- SOURCE DATA -

_ _ _ _ _

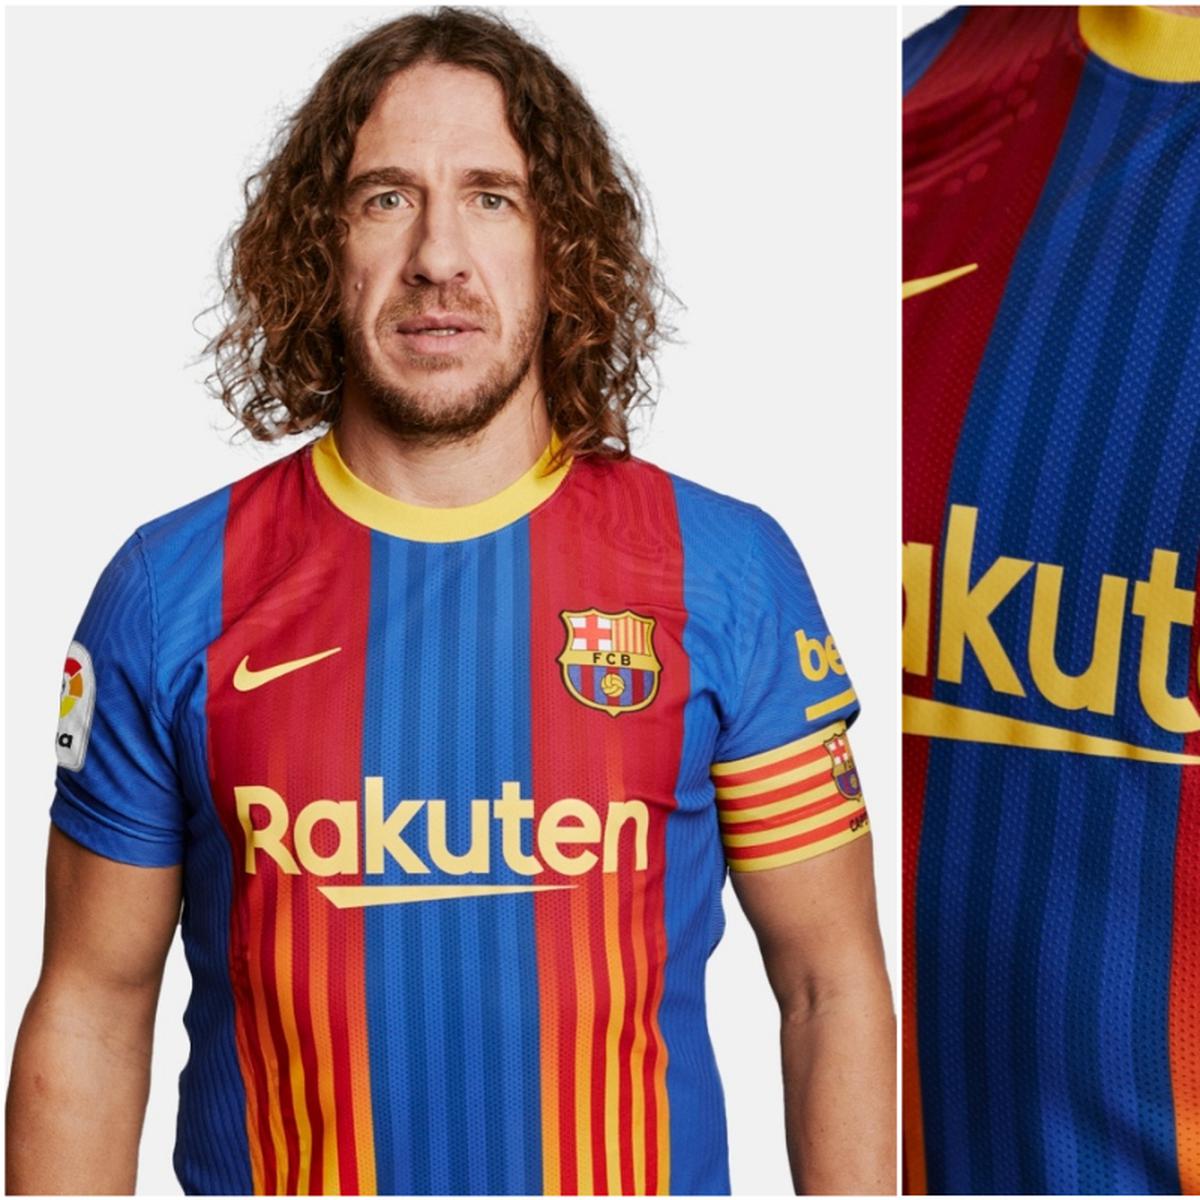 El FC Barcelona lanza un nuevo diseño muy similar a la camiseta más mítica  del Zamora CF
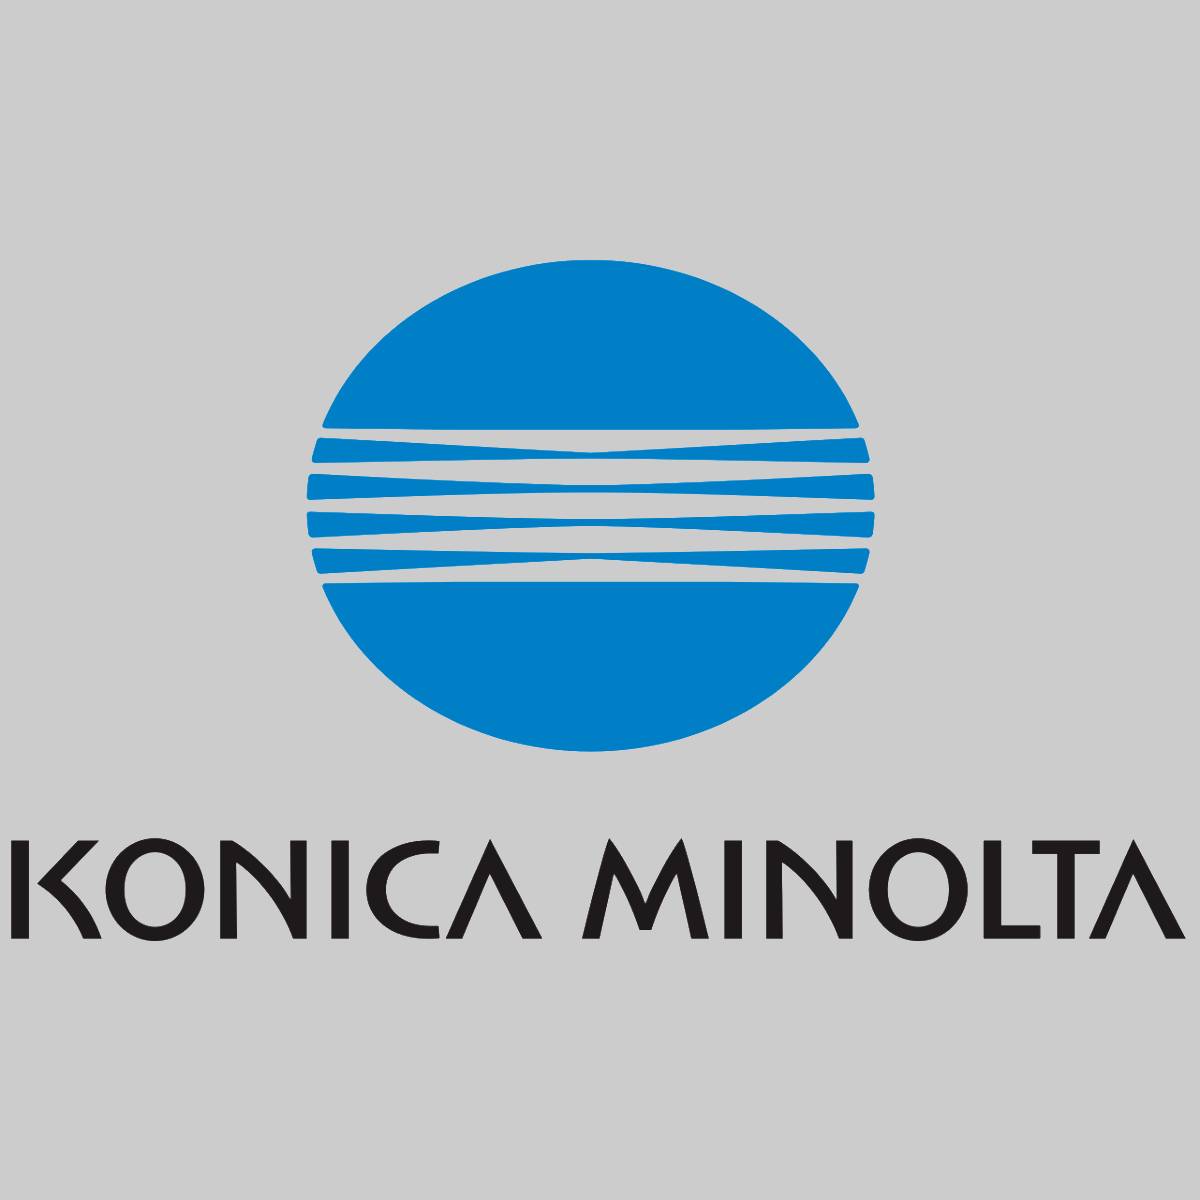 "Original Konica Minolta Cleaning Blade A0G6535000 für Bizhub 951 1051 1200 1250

_ _ _ _ _

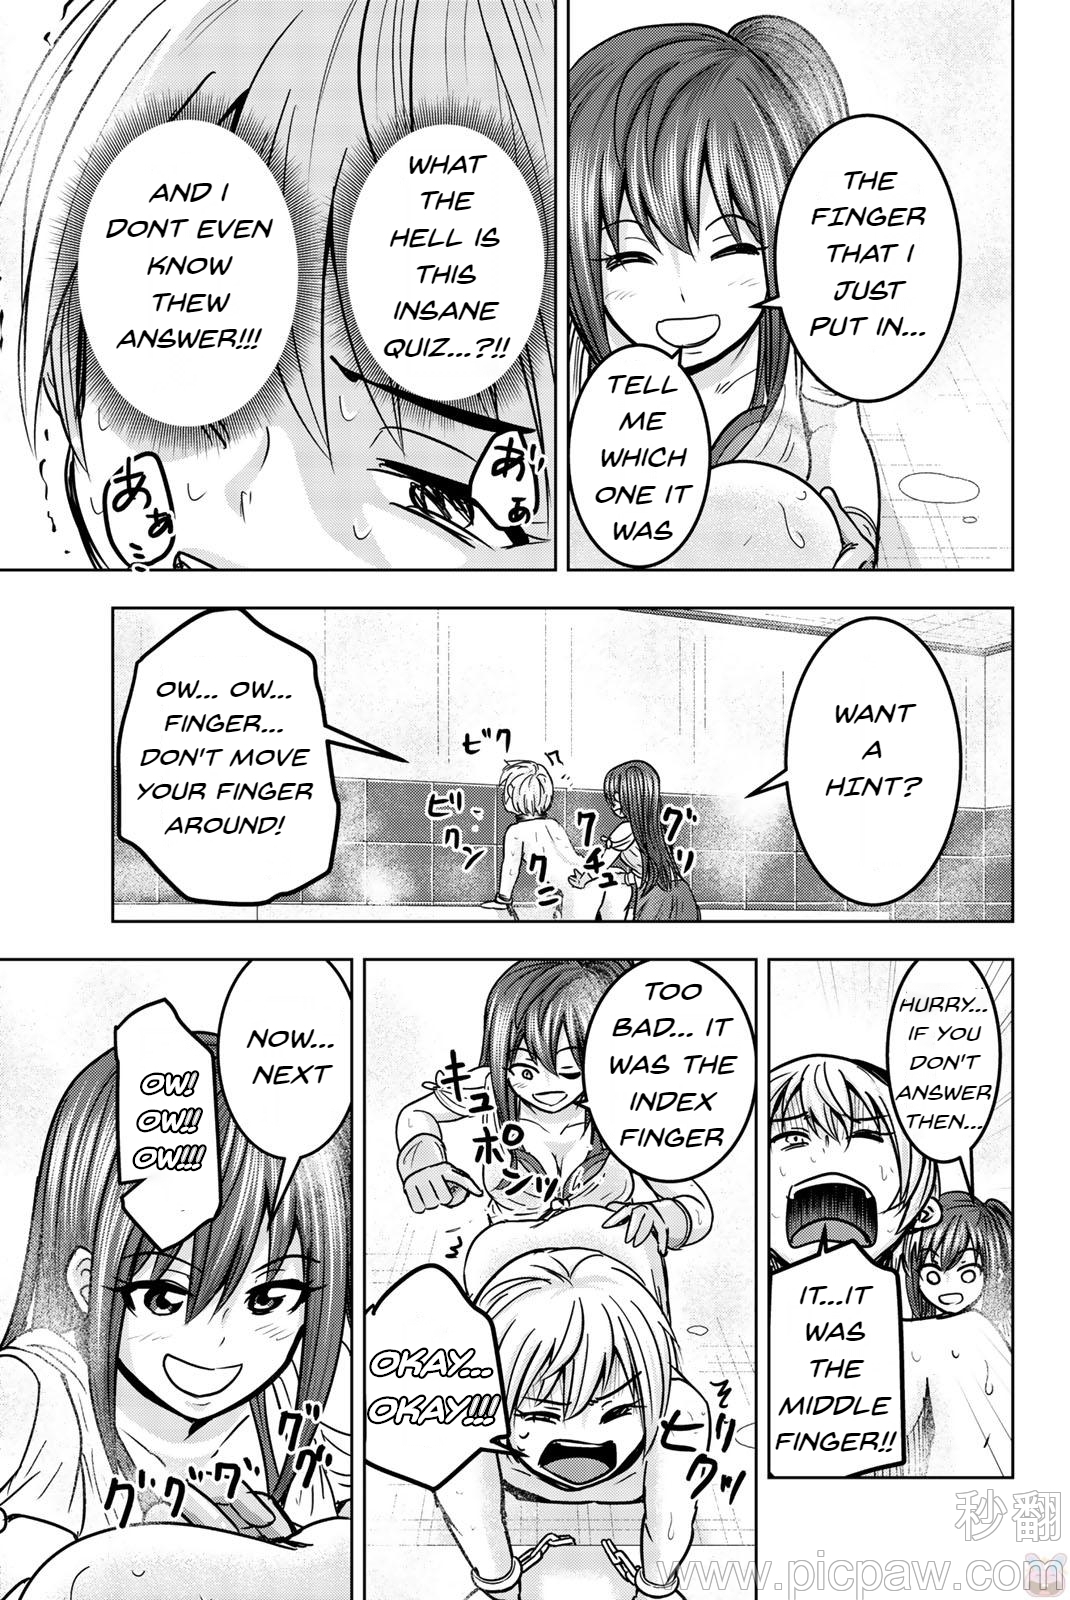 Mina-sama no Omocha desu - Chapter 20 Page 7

_ _ _ _ _

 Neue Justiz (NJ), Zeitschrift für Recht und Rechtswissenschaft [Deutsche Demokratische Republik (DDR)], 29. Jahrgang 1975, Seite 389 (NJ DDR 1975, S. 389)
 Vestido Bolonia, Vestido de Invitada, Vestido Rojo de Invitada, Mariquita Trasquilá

_ _ _ _ _

- TASK TO CARRY OUT -
Begin at the line in the entries above that has "El FC Barcelona", stop after the line that has "1051 1200 1250", and output exactly those lines without pictures.

- ANSWER TO THIS TASK -
 El FC Barcelona lanza un nuevo diseño muy similar a la camiseta más mítica  del Zamora CF
 "Original Konica Minolta Cleaning Blade A0G6535000 für Bizhub 951 1051 1200 1250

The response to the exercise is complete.